Former Vice President Joe Biden pegged the mid-’90s as the point when comity in Washington “began to go downhill” as he remembered late Sen. John McCain (R-Ariz.) as someone who exemplified basic American values: “Fairness, honesty, dignity, respect, giving hate no safe harbor, leaving no one behind, and understanding that as Americans, we’re part of something much bigger than ourselves.”
Biden eulogized McCain at a memorial service at the North Phoenix Baptist Church, where Frank Sinatra’s “My Way” played and tributes were delivered by the senator’s family and friends, including Arizona Cardinals wide receiver Larry Fitzgerald. “There are so many differences between the two of us and it didn’t matter,” Fitzgerald said. “It’s about just loving people for who they are and I think I’m going to do my best to convey that message.”

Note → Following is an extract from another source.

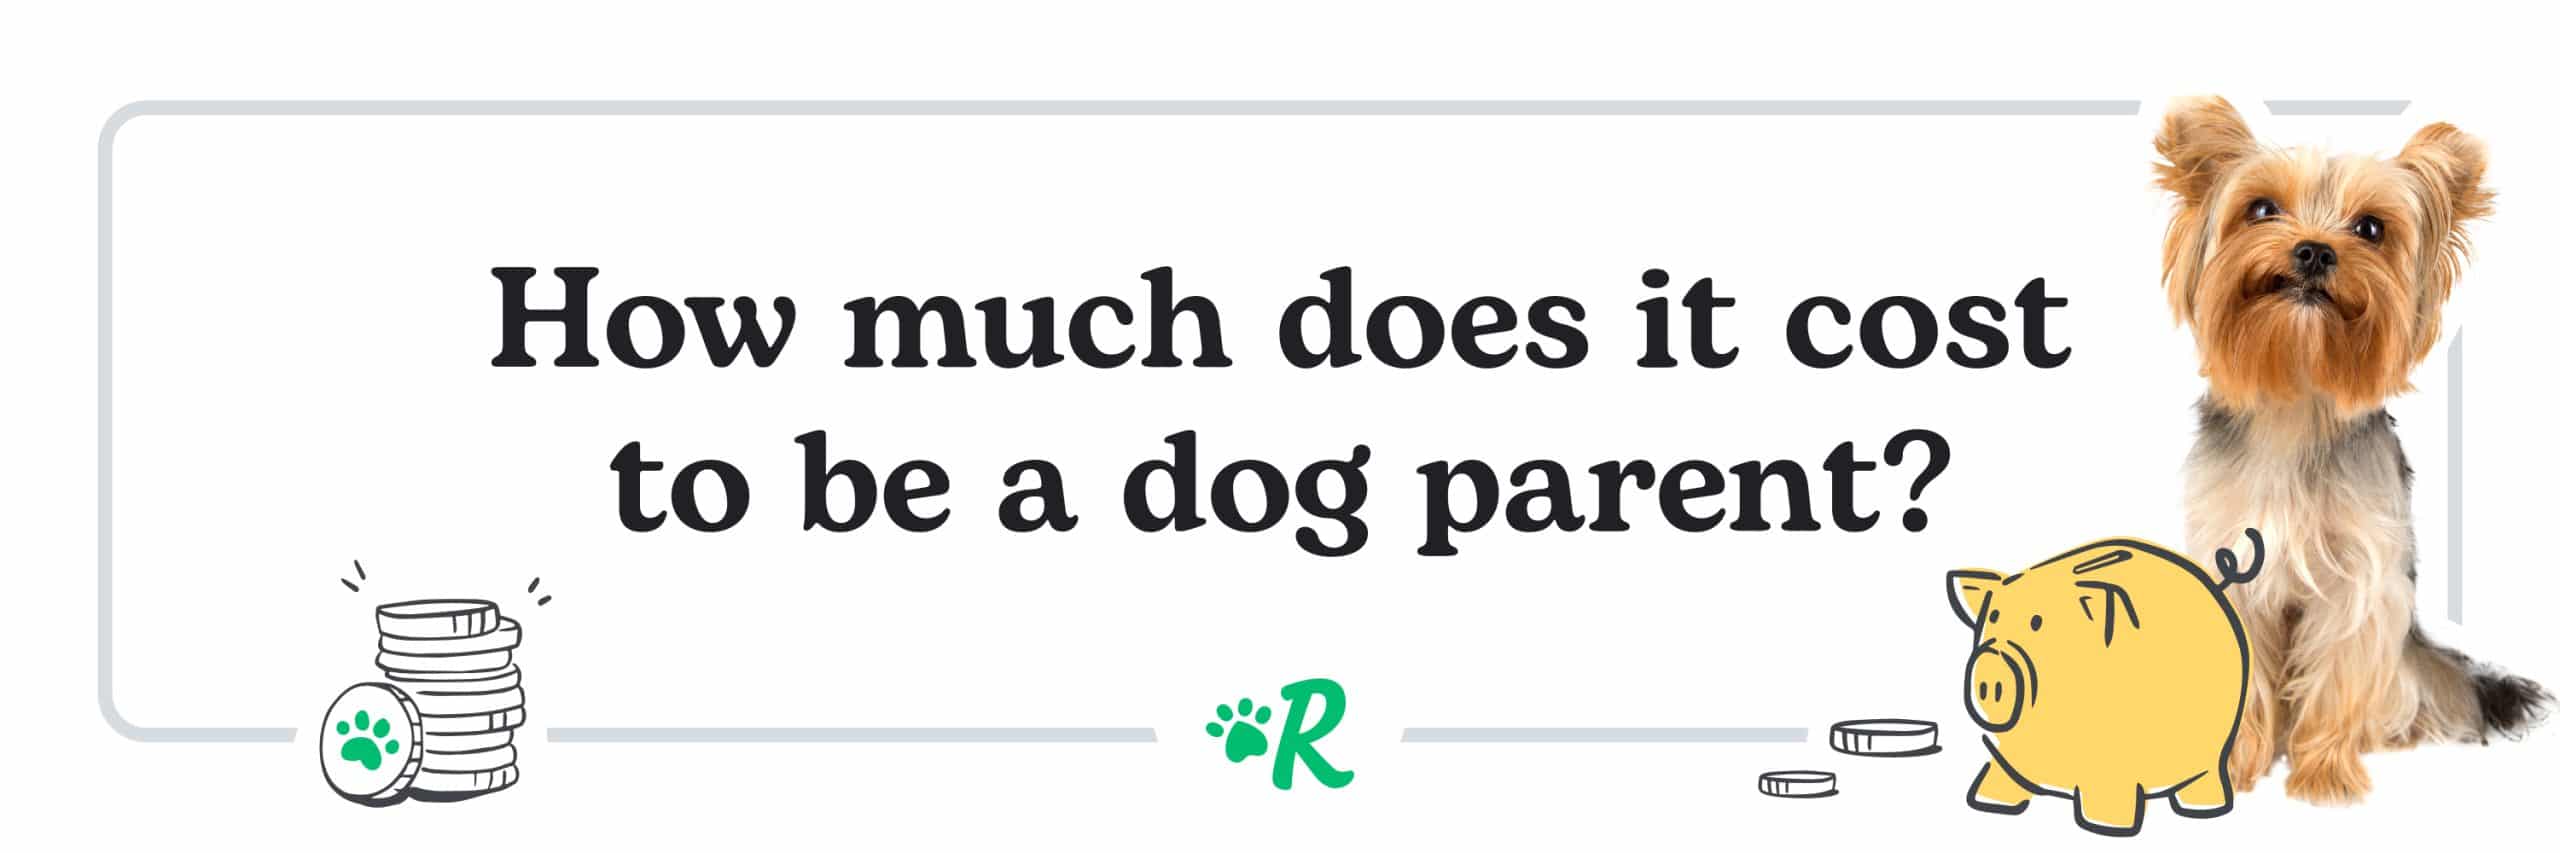 How much does it cost to be a dog parent?

Biden, whose son Beau died in 2015 from the same kind of brain cancer that McCain had, said he and McCain both knew “from our different experiences that, and as our life progressed we learned even more, that there are times when life can be so cruel, pain so blinding it’s hard to see anything else.”
“The disease that took John’s life, took our mutual friend Teddy’s life, the exact same disease nine years ago a couple of days ago. And three years ago, it took my beautiful son Beau’s life. It’s brutal, it’s relentless, it’s unforgiving and it takes so much from those we love and from the families who love them that in order to survive we have to remember how they lived, not how they died,” he said. “…You will all find your own images, whether it’s remembering his smile or his laugh or touching his shoulder or just running his hand down your cheek, or just feeling like someone’s looking at — turning and seeing him just smiling at you.”

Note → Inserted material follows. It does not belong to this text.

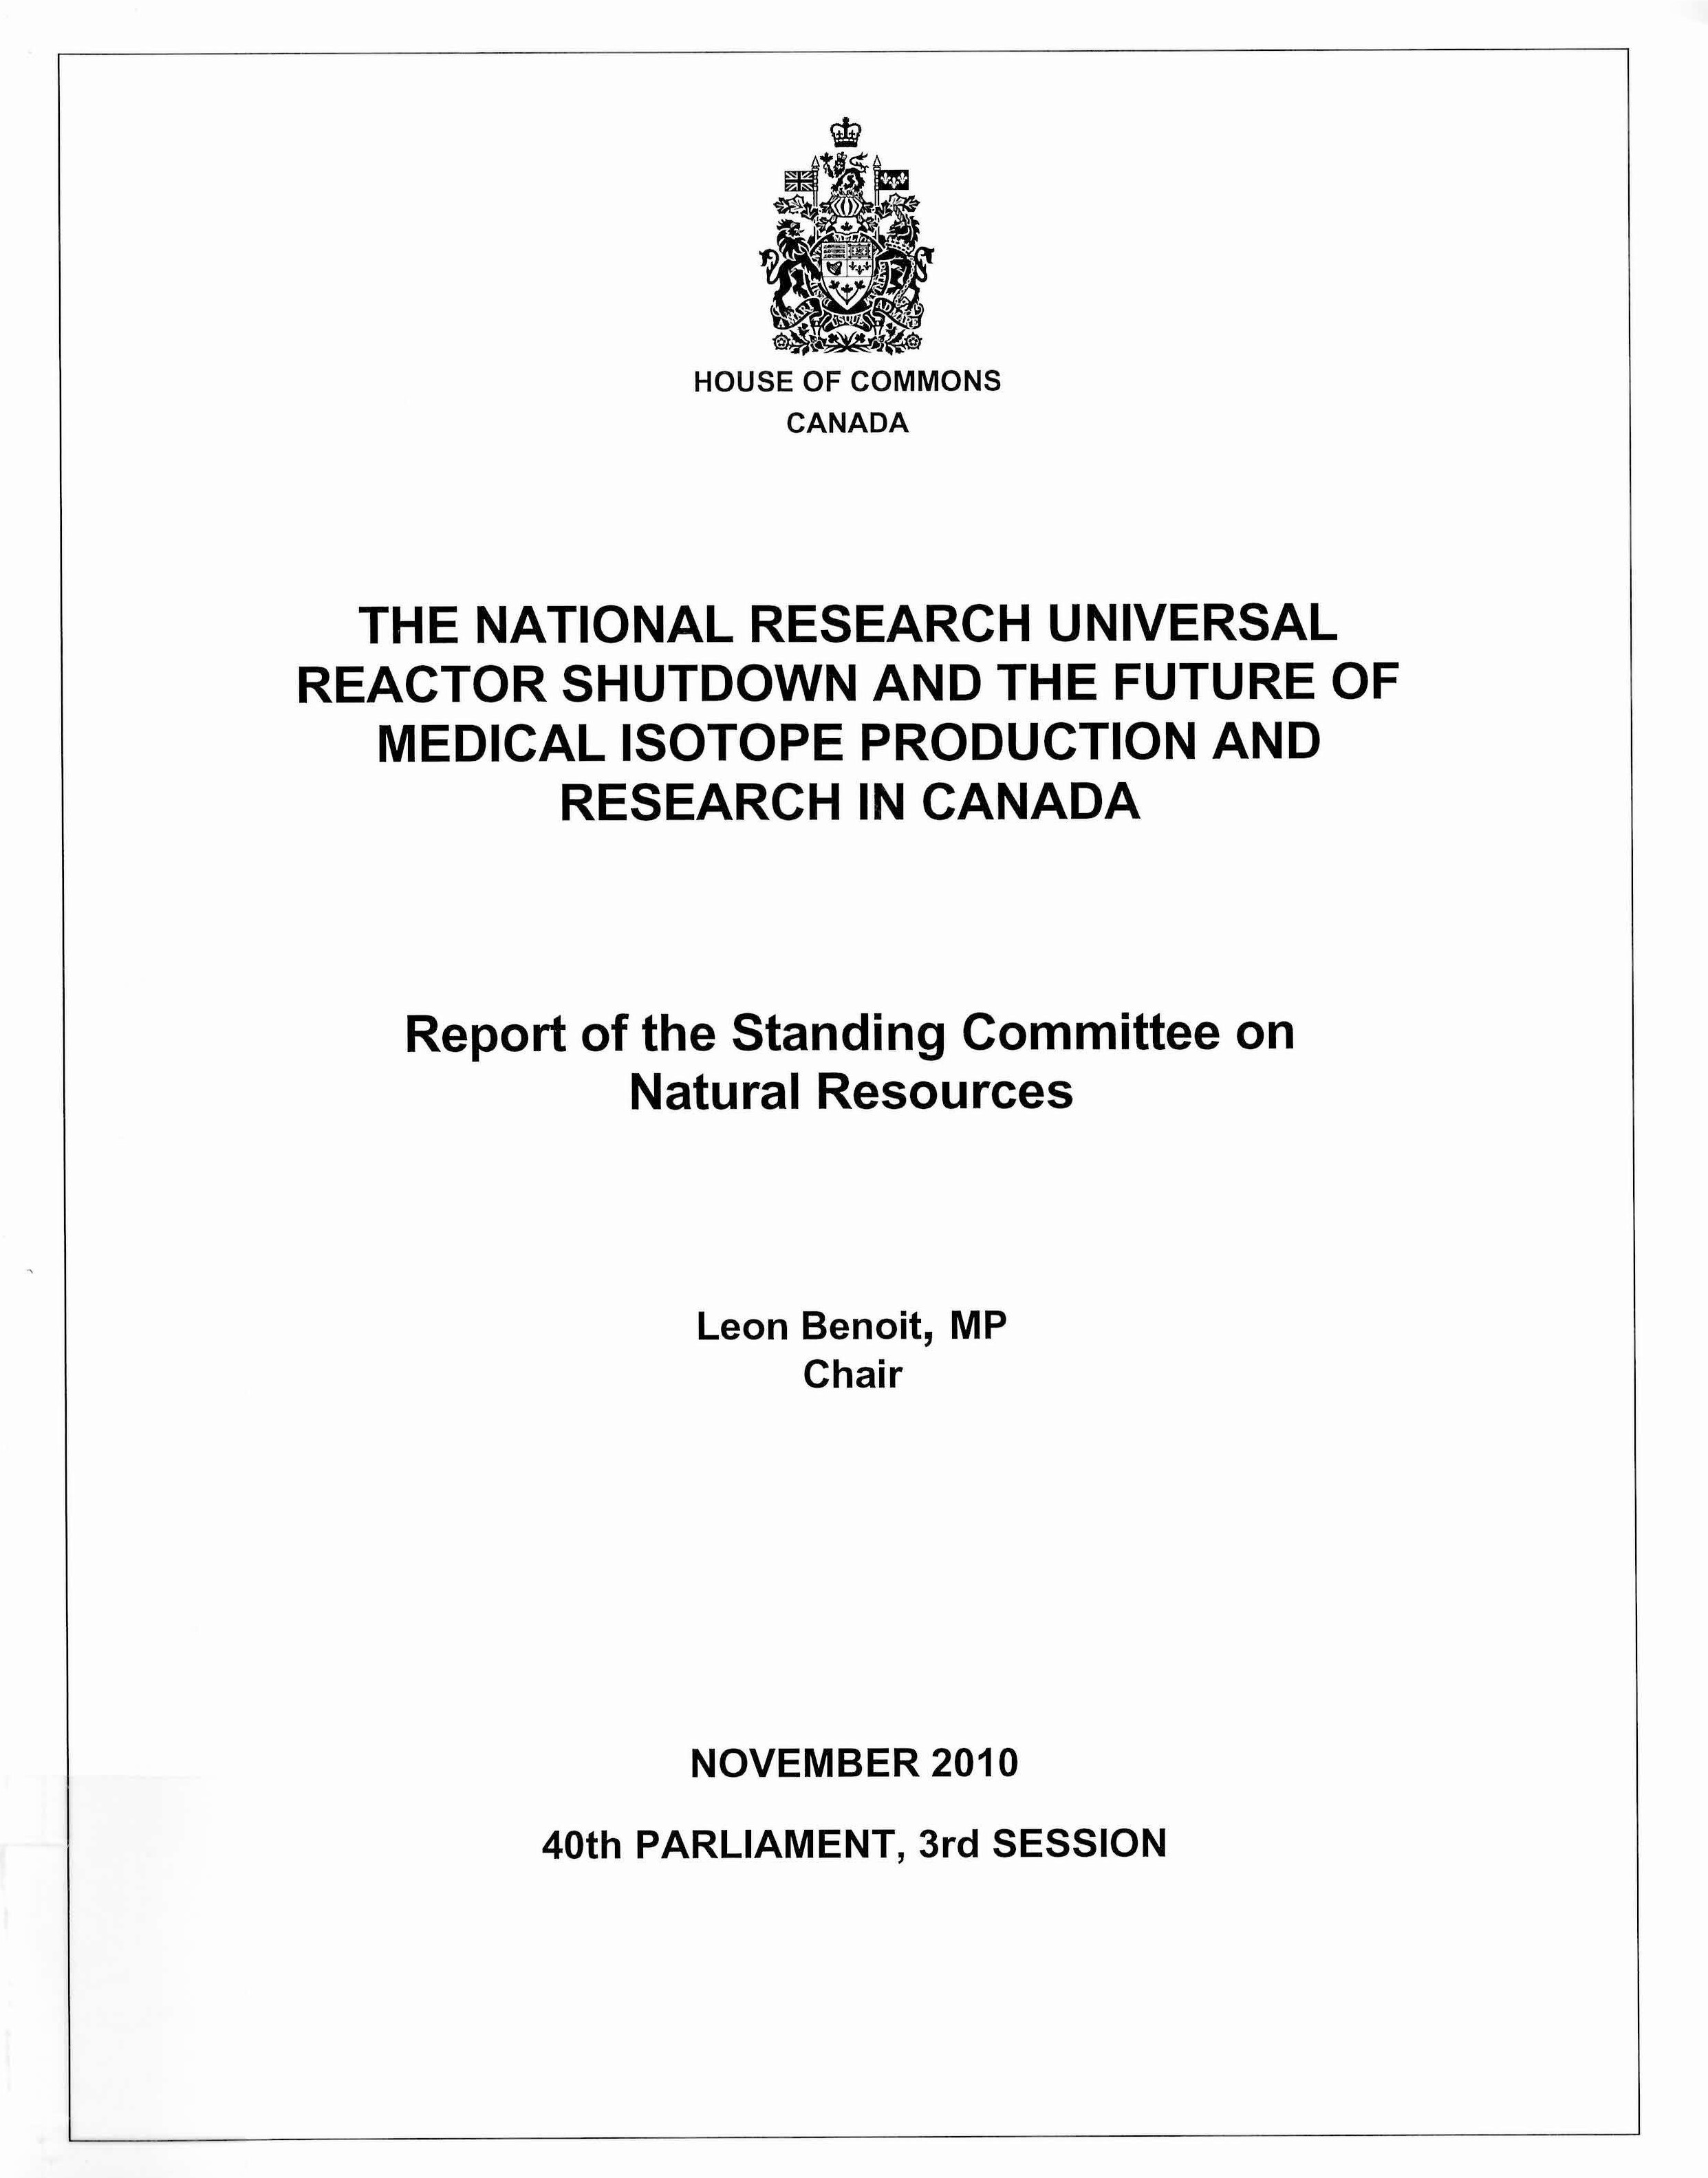 The National Research Universal reactor shutdown and the future of medical isotope production and research in Canada : report of the Standing Committee on Natural Resources

The VP began his eulogy with the words, “My name’s Joe Biden. I’m a Democrat. And I loved John McCain.”
He said he “always thought of John as a brother” with “a hell of a lot of family fights.”
“We’d talk about family, we’d talk about politics, we’d talk about international relations, we’d talk about promise, the promise of America because we’re both cockeyed optimists and really believe that there’s not a single thing beyond the capacity of this country,” he added.
Biden said that McCain had “a value set that was neither selfish nor self-serving: John understood that America was, first and foremost, an idea, audacious and risky, organized around not tribe but around ideals. Think of how he approached every issue.”
He recalled that “during long debates in the ’80s and ’90s, as some of the colleagues who were around then would know, I’d always go over and sit next to John, next to his seat, or he’d come over on the Democratic side and sit next to me,” but in 1996 their respective caucuses told the senators that it didn’t look good for the two to be sitting together.
“That’s when things began to change for the worse in America, in the Senate. That’s when it changed. What happened was at those times, it was always appropriate to challenge another senator’s judgment. But never appropriate to challenge their motive. When you challenge their motive, it’s impossible to get to go,” Biden said. “If I say you’re doing this because you’re being paid off, if I say you’re doing this because you’re not a good Christian, if I say you’re doing this because you’re this, that or the other thing, it’s impossible to reach consensus.”
“…Whenever I was in trouble, John was the first guy there, and I hope I was there for him. And we never hesitated to give each other advice. He’d call me in the middle of the campaign and say, ‘What the hell did you say that for?’ Wasn’t on an issue. Like, ‘You just screwed up, Joe, you know?’ And I’d occasionally call him.”
Biden said that “Americans saw how he lived his life that way and they knew the truth of what he was saying,” thus McCain “gave Americans confidence.”
“John knew ordinary Americans understood that each of us has a duty to defend the integrity, dignity and birthright of every child. They carried it; that good communities are built by thousands of small acts of decency that Americans, as I speak today, show each other every single day; that very deep in the DNA of this nation’s soul lies a flame that was lit over 200 years ago that each of us carries with us, and each one of us has the capacity, the responsibility, and we can screw up the courage to ensure that’s not extinguished,” he said. “And it’s a thousand little things that make us different.”
McCain will lie in state at the U.S. Capitol on Friday before a Saturday memorial service at the National Cathedral.